1. Jaluronidasi: è un enzima di natura proteica in grado di modificare la permeabilità tissutale
favorendo l’assorbimento sistemico della sostanza travasata; promuove l’idrolisi dell’acido
ialuronico così da diminuire la viscosità del farmaco citotossico a livello interstiziale. (1, 15, 18)
Si somministra 1 ml di soluzione di Jaluronidasi (suddivisa in 5 iniezioni s.c. da 0.2 ml) intorno alla
sede dello stravaso utilizzando un ago da 25 G o più piccolo. (4, 15, 18)

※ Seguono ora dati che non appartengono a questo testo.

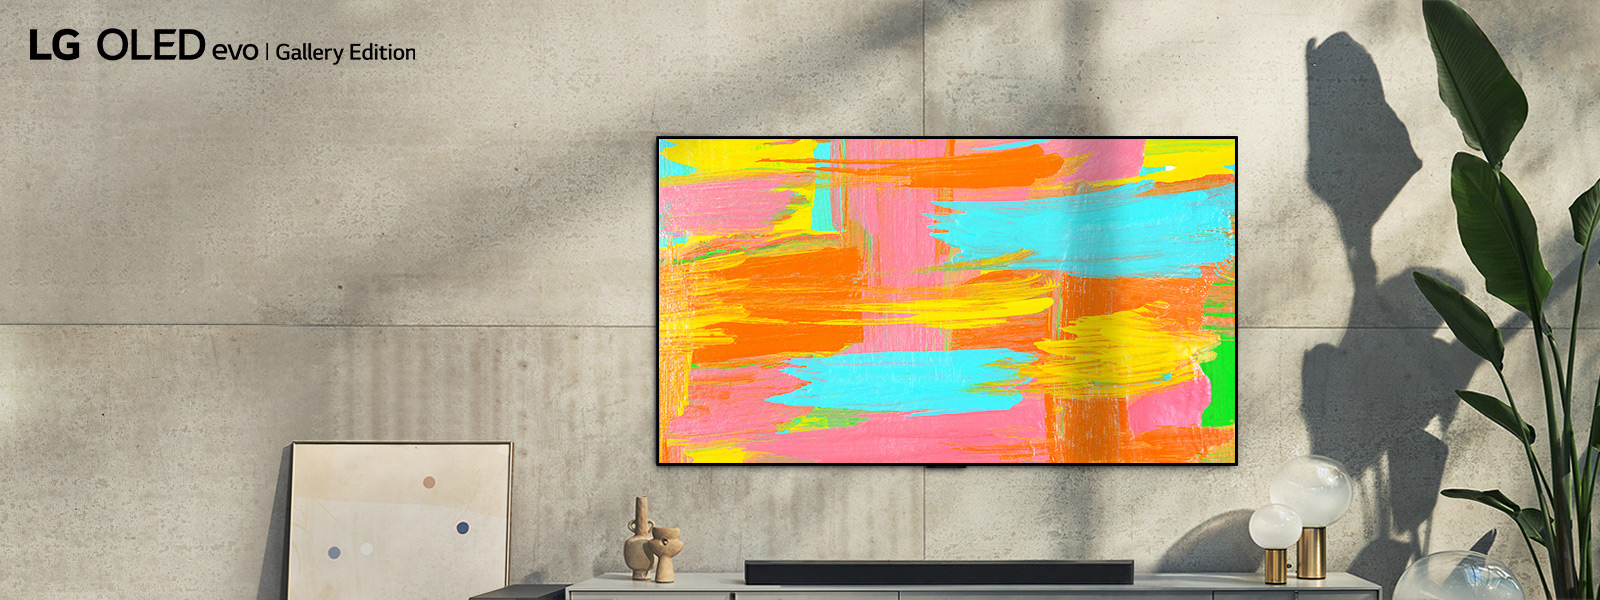 Zdjęcie telewizora LG OLED G2 zawieszonego na ścianie w minimalistycznie urządzonym szarym pokoju. Na ekranie jest wyświetlone jaskrawe abstrakcyjne dzieło sztuki. Nad zdjęciem znajduje się napis „Estetyka na najwyższym poziomie”.

2. Tiosolfato di Sodio: questo antidoto crea nella zona di infiltrazione un ambiente alcalino, si lega
alla sostanza vescicante impedendole di creare danno tissutale e ne consente l’eliminazione con le
urine. (1, 18)
Preparare una soluzione 1/6 molare. Miscelare 4 ml di Tiosolfato di Sodio al 10% con 6 ml di acqua
per preparazioni iniettabili, oppure 1.6 ml di Tiosolfato di Sodio al 25% con 8.4 ml di acqua per
preparazioni iniettabili. Somministrare s.c. 2 ml di tale soluzione effettuando multiple iniezioni
intorno alla sede di stravaso. (4, 15, 18)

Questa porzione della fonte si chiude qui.